In what was probably a painful letter to write, Jefferson gave the explicit reason why he refused to be a Godfather. In his July 25, 1788 letter to J.P.P. Derieux, Jefferson laments that he could not be Godfather to his child because he did not want to take an oath to articles in which he did not believe.
Someone once suggested to me if Washington, unlike Jefferson, assented to articles in which he didn't believe, that shows Jefferson to be a greater man of honor and that is highly unlikely. I think common sense can still explain why Jefferson would refuse and Washington assent to creeds in which neither of them were sure to be true. Jefferson, from his writings and testimony thought quite a bit about those creeds and the arguments for and against them. After such ponderous deliberation Jefferson bitterly rejected and often directed harsh words of criticism against them. Washington's writings, on the other hand, reveal no such deliberation on those creeds -- no assent to them, no rejection of them, no thought about them at all.
Indeed, when asked to pontificate about Washington's religious beliefs, James Madison (through Jared Sparks) gave what seemed an ambiguous answer. And that's because, on many of the doctrines of Christianity, Washington's public words (and private letters) reveal an ambiguous (or agnostic) faith. Madison claimed he had
"not suppose that Washington had ever attended to the arguments for Christianity, and for the different systems of religion, or in fact that he had formed definite opinions on the subject. But he took these things as he found them existing, and was constant in his observances of worship according to the received forms of the Episcopal Church, in which he was brought up."
Washington's words reveal him to be a devout theist who believed in a warm-personal God. Evidence lacks from Washington's own mouth that he believed (or actively disbelieved) the following creeds which Jefferson rejected:
The immaculate conception of Jesus, his deification, the creation of the world by him, his miraculous powers, his resurrection and visible ascension, his corporeal presence in the Eucharist, the Trinity; original sin, atonement, regeneration, election, orders of Hierarchy, &c.

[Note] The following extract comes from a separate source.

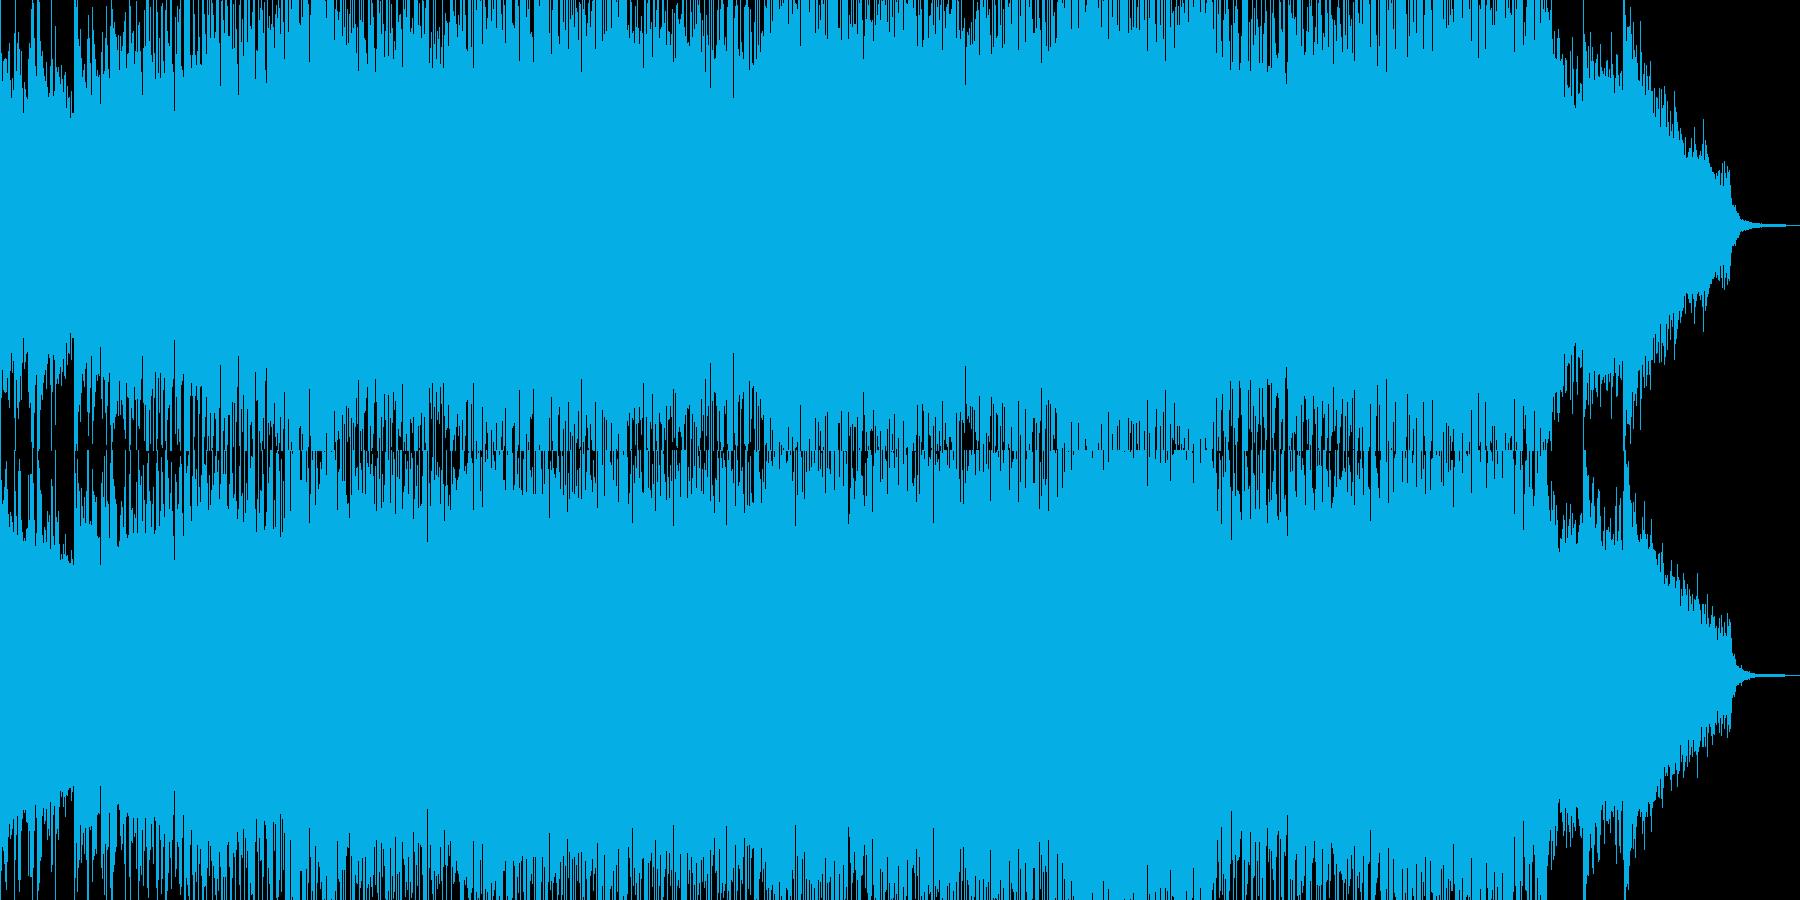 ストリングス・幕開け盛大な作品に 短尺★の再生済みの波形

Yet, if Washington were agnostic on these specifics, they clearly did not irritate him like they did Jefferson and that explains why Washington would be willing to assent to a set of creeds in which he really weren't sure to be true, and Jefferson would refuse to assent to a set of beliefs which he actively rejected.
Though, all that certainly can be gleaned from the historical record is that Washington was a devout theist. I cannot assent to Washington being any more than agnostic on the tenets of orthodox Christianity which Jefferson rejected. And Washington's refusal to take communion is highly suggestive of the fact that he didn't believed in what that act represents -- Christ's atonement. Thus, the historical record most strongly points towards Washington being a theistic rationalist as opposed to an orthodox Christian or a strict Deist.